Campbell v. Bruce (County) (Ont CA, 2016)

In this case the Court of Appeal commented as follows on the nature of the duty of care imposed by s.3 of the Occupier's Liability Act:
[26] ....... The leading case dealing with duty of care under the OLA is Waldick v. Malcolm, 1991 CanLII 71 (SCC), [1991] 2 S.C.R. 456. In that case, Iacobucci J. articulated the purpose of the OLA, at 477:
The goals of the Act are to promote, and indeed, require where circumstances warrant, positive action on the part of occupiers to make their premises reasonably safe.
[27] Iacobucci J. also discussed the contents of the duty of care under the OLA, at 472:
[T]he statutory duty on occupiers is framed quite generally, as indeed it must be. That duty is to take reasonable care in the circumstances to make the premises safe. That duty does not change but the factors which are relevant to an assessment of what constitutes reasonable care will necessarily be very specific to each fact situation – thus the proviso "such care as in all circumstances of the case is reasonable". [Emphasis in original.]
[28] The trial judge specifically cited and applied Waldick in his reasons for judgment. He considered the knowledge, decisions and actions of the appellant with respect to the design, construction and operation of the Trials Area of the Park.

[29] In the context of an extensive discussion of these factors, I do not think that the trial judge’s use of the word “ensure” in the above passage equates to him saying that the municipality became in effect an “insurer” for all activities in the Park. Rather, a fair reading of the passage, in conjunction with the rest of the reasons on duty of care, is that “ensure” means “take appropriate care”.

[30] Nor do I think that the trial judge’s use of the words “catastrophic harm” means the trial judge improperly inserted the nature of the potential harm to users of the Park into the analysis. In discussing duty of care under the OLA in Kennedy v. Waterloo County Board of Education (1999), 1999 CanLII 3746 (ON CA), 45 O.R. (3d) 1 (C.A.), Feldman J.A. said, at 11-12:
In Veinot v. Kerr-Addison Mines Ltd., 1974 CanLII 20 (SCC), [1975] 2 S.C.R. 311 at p. 317, 51 D.L.R. (3d) 533, Dickson J, speaking for the majority, quoted with approval several factors listed by Lord Denning on the issue of whether an occupier has taken reasonable care:
The following excerpt from Lord Denning's judgment [Pannett v.
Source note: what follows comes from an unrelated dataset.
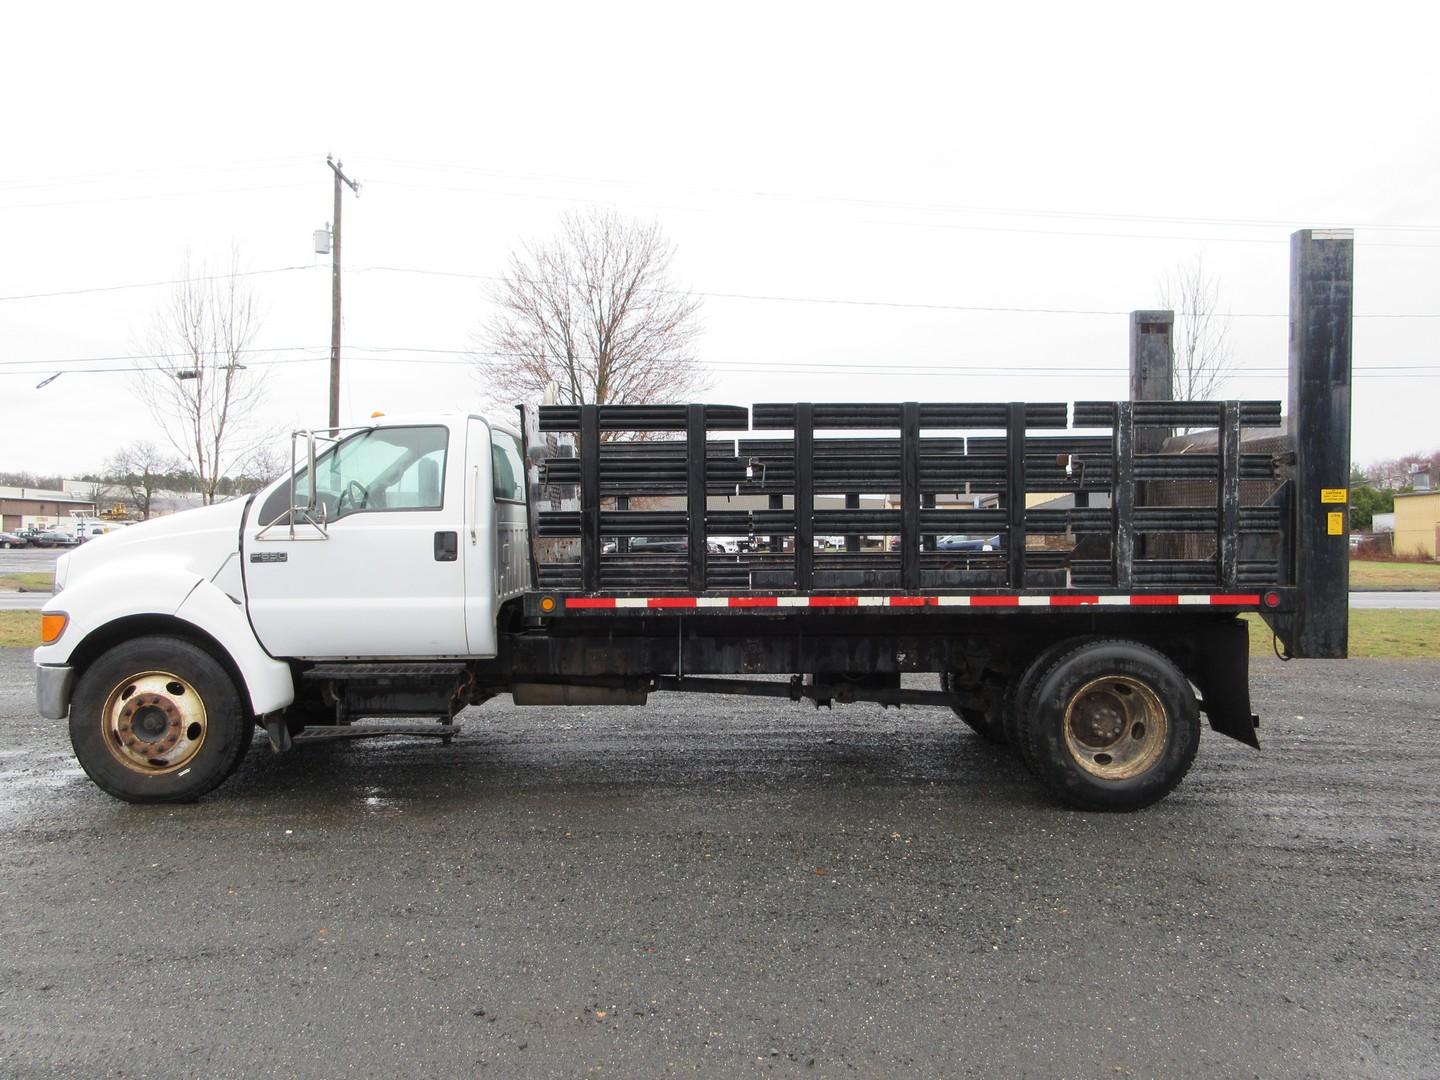 2005 Ford F-650 XL S/A Flatbed Truck

McGuinness & Co. Ltd., [1972] 3 W.L.R. 387] aptly expresses in my opinion the more salient points a judge should have in mind when considering intrusions upon land:
The long and short of it is that you have to take into account all the circumstances of the case and see then whether the occupier ought to have done more than he did. (1) You must apply your common sense. You must take into account the gravity and likelihood of the probable injury. Ultra-hazardous activities require a man to be ultra-cautious in carrying them out. The more dangerous the activity, the more he should take steps to see that no one is injured by it.